La question de la "responsabilité sociale" était au cœur des débats, mercredi soir au Home of FIFA de Zurich, lors de la réunion du "SONY Football Circle". Dans une ambiance détendue, de nombreuses personnalités du monde du sport, de la politique et du spectacle s'étaient donné rendez-vous dans l'auditorium du siège de la FIFA pour assister à d'importantes conférences.

Après un bref discours d'introduction prononcé par Claudio Ammann, P-DG de SONY Overseas SA, Lander Unzueta, directeur de la fondation du FC Barcelone, est venu apporter son éclairage sur le travail social réalisé par le grand club catalan. Cas unique au monde, le maillot des Blaugranas ne porte la marque d'aucun sponsor commercial. Au lieu de cela, le Barça a choisi d'offrir cet espace à l'UNICEF, l'organisme de l'ONU chargé de la protection de l'enfance. Le FC Barcelone verse même chaque année cinq millions d'euros à cette organisation caritative, afin de financer divers projets. La fameuse devise "More than a club" est là pour rappeler que les dirigeants espagnols font grand cas de leur responsabilité sociale. "Derrière ce blason, il y a un cœur qui bat", a souligné Unzueta, en citant évidemment Joan Gamper, le fondateur du club catalan.

Ce fut ensuite au tour de Federico Addiechi, responsable du département Responsabilité sociale de la FIFA, de présenter le point de vue d'une grande institution internationale. "Un jeu universel se doit d'œuvrer pour un monde meilleur", a-t-il rappelé, insistant au passage sur le fait que 0,7 % des revenus de la FIFA allaient directement à son département. Addiechi en a également profité pour évoquer le projet "Football for Hope", qui en collaboration avec streetfootballworld soutient des initiatives humanitaires dans lesquelles le football tient un rôle de premier plan dans le développement social. "Fondé en 2005, le Mouvement 'Football for Hope' représente déjà aujourd'hui 70 programmes dans 47 pays", s'est félicité Addiechi (pour en savoir plus sur ce sujet, cliquez sur le lien à droite).

Au cours d'un débat public organisé par la suite, Peter Kenyon, directeur général de Chelsea, et Jean-Claude Biver, P-DG du fabriquant de montres suisses Hublot, sont revenus sur les initiatives développées par leurs sociétés respectives. "Le football est un outil merveilleux pour faire le bien, a déclaré Kenyon. Le problème, c'est que le football est à l'origine de beaucoup de bonnes choses mais, malheureusement, les gens n'en entendent que rarement parler."
"Il n'y a pas de formule magique qui permette de tout résoudre, a poursuivi le dirigeant anglais. Tout est une question de compréhension. Il ne faut pas uniquement se payer de mots, mais aussi agir".
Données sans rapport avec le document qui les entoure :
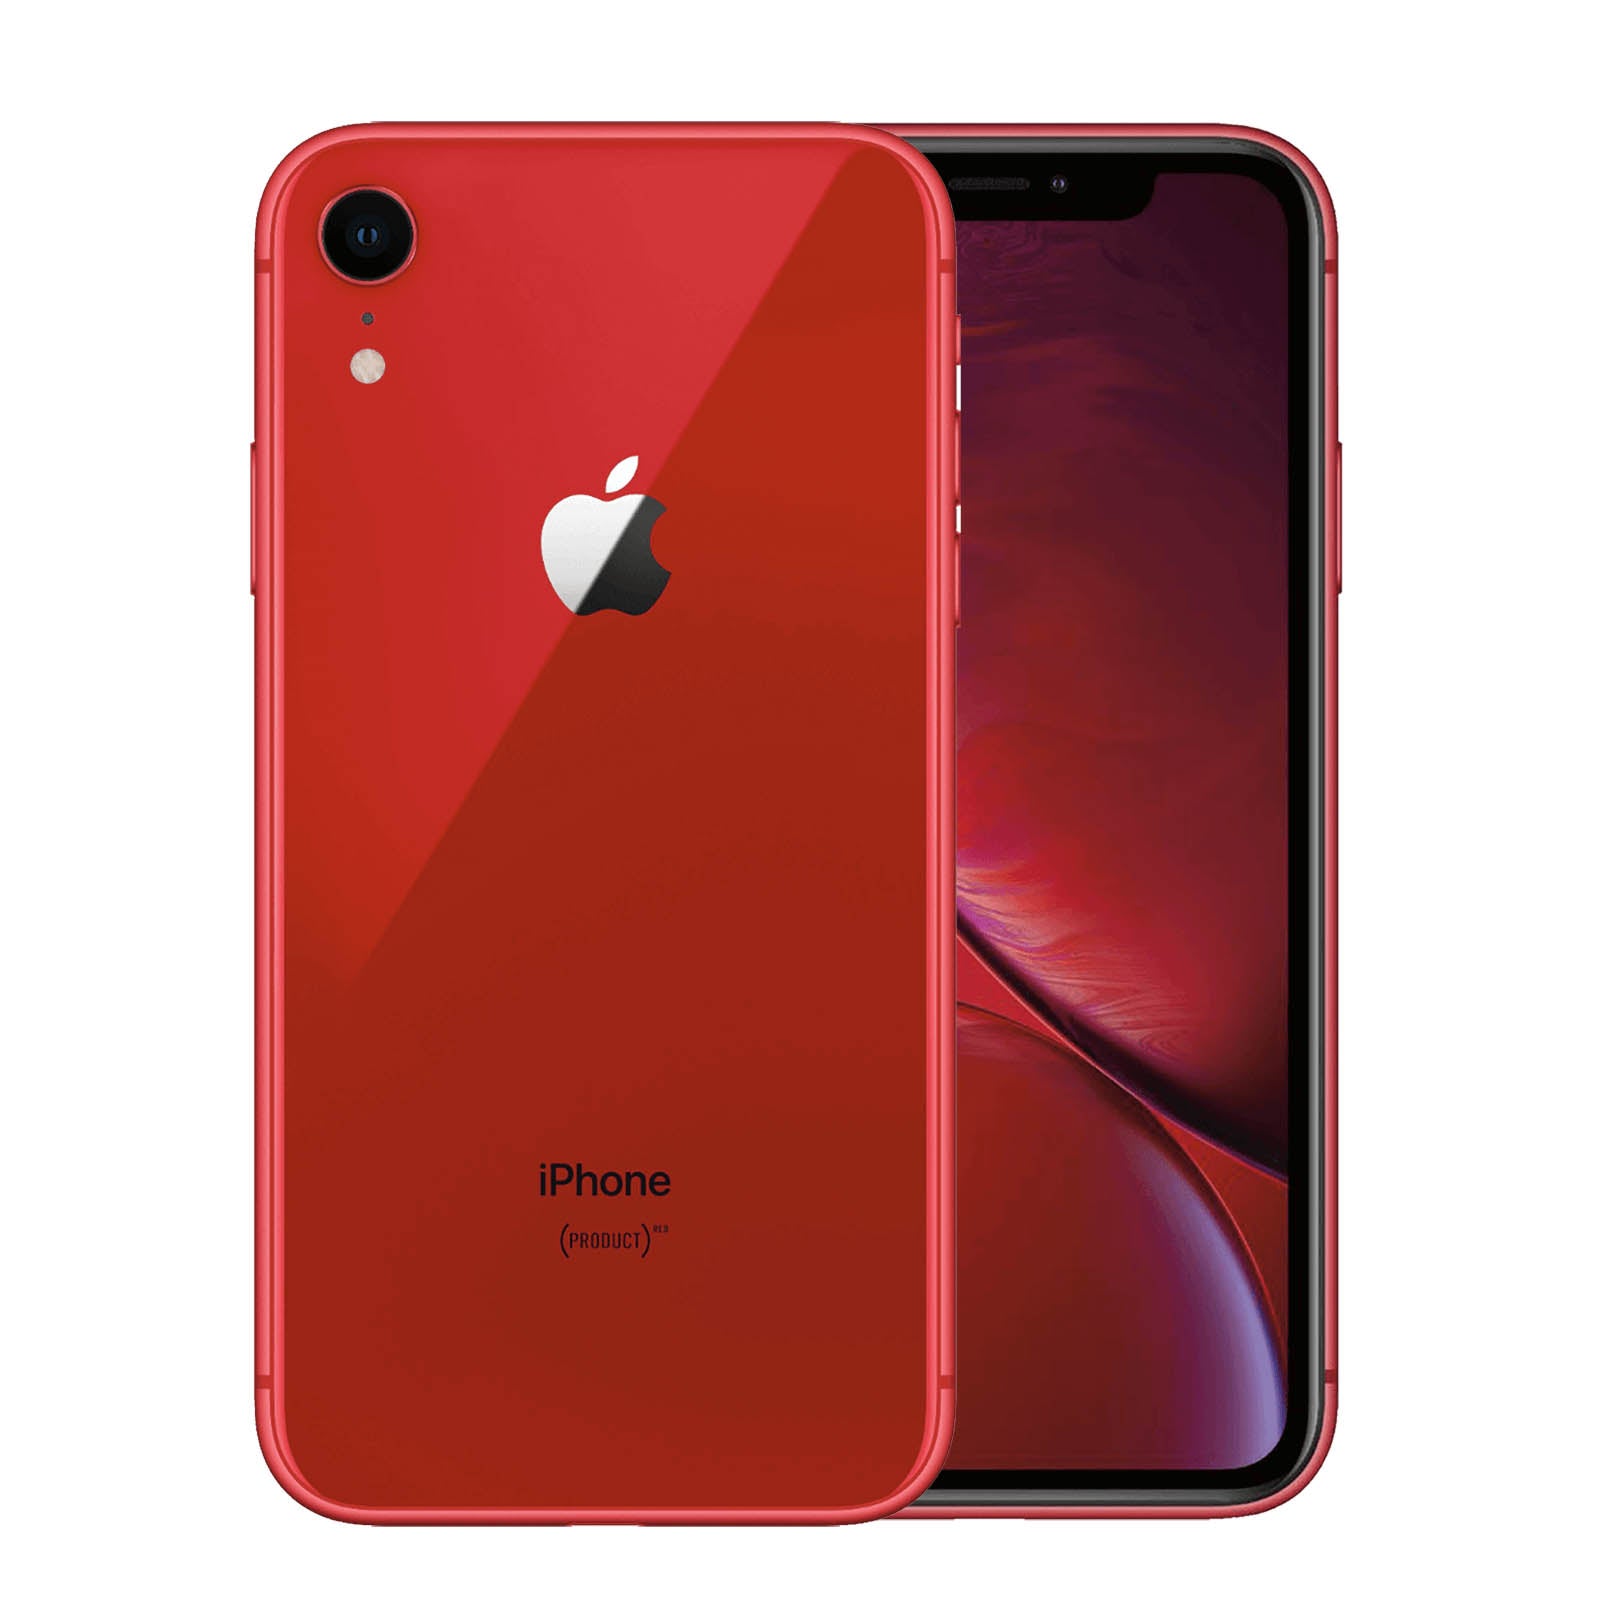 Apple iPhone XR 64GB Product Product Red Makellos - Ohne Vertrag

Jean-Claude Biver est allé encore plus loin en affirmant que le 21ème siècle serait placé "sous le signe du partage". "En tant que marque de luxe, il est important pour nous de nous familiariser avec cette notion de partage." Hublot est le chronométreur officiel de l'Euro 2008 de l'UEFA mais, comme Biver a tenu à le rappeler, l'horloger suisse a renoncé à toute publicité pendant la compétition. Sur les bords du terrain, vous ne verrez pas le nom de Hublot, mais des pancartes siglées "Fight against Racism - Luttez contre le racisme".

Au terme de cette grande soirée, à laquelle assistaient notamment Simon Ammann, champion olympique de saut à ski, et Stephan Chapuisat, ancien international suisse, les invités ont pu suivre l'interview de Jakob "Köbi" Kuhn, le sélectionneur national suisse, par Miss Suisse, Amanda Ammann. Celui-ci a évoqué ses ambitions à court terme ("Nous aimerions beaucoup nous rendre à Bâle, car cela signifierait que nous avons passé le premier tour"), mais aussi son avenir personnel : "Je veux pouvoir profiter un peu plus du temps qui me reste. Je ne compte plus travailler dans le football de haut niveau, mais peut-être que je reviendrai à la formation".

Cette séance de travail particulièrement chargée a donc permis de réaffirmer l'engagement des grandes entreprises, mais aussi des clubs et des fédérations internationales, dans la lutte en faveur des plus démunis.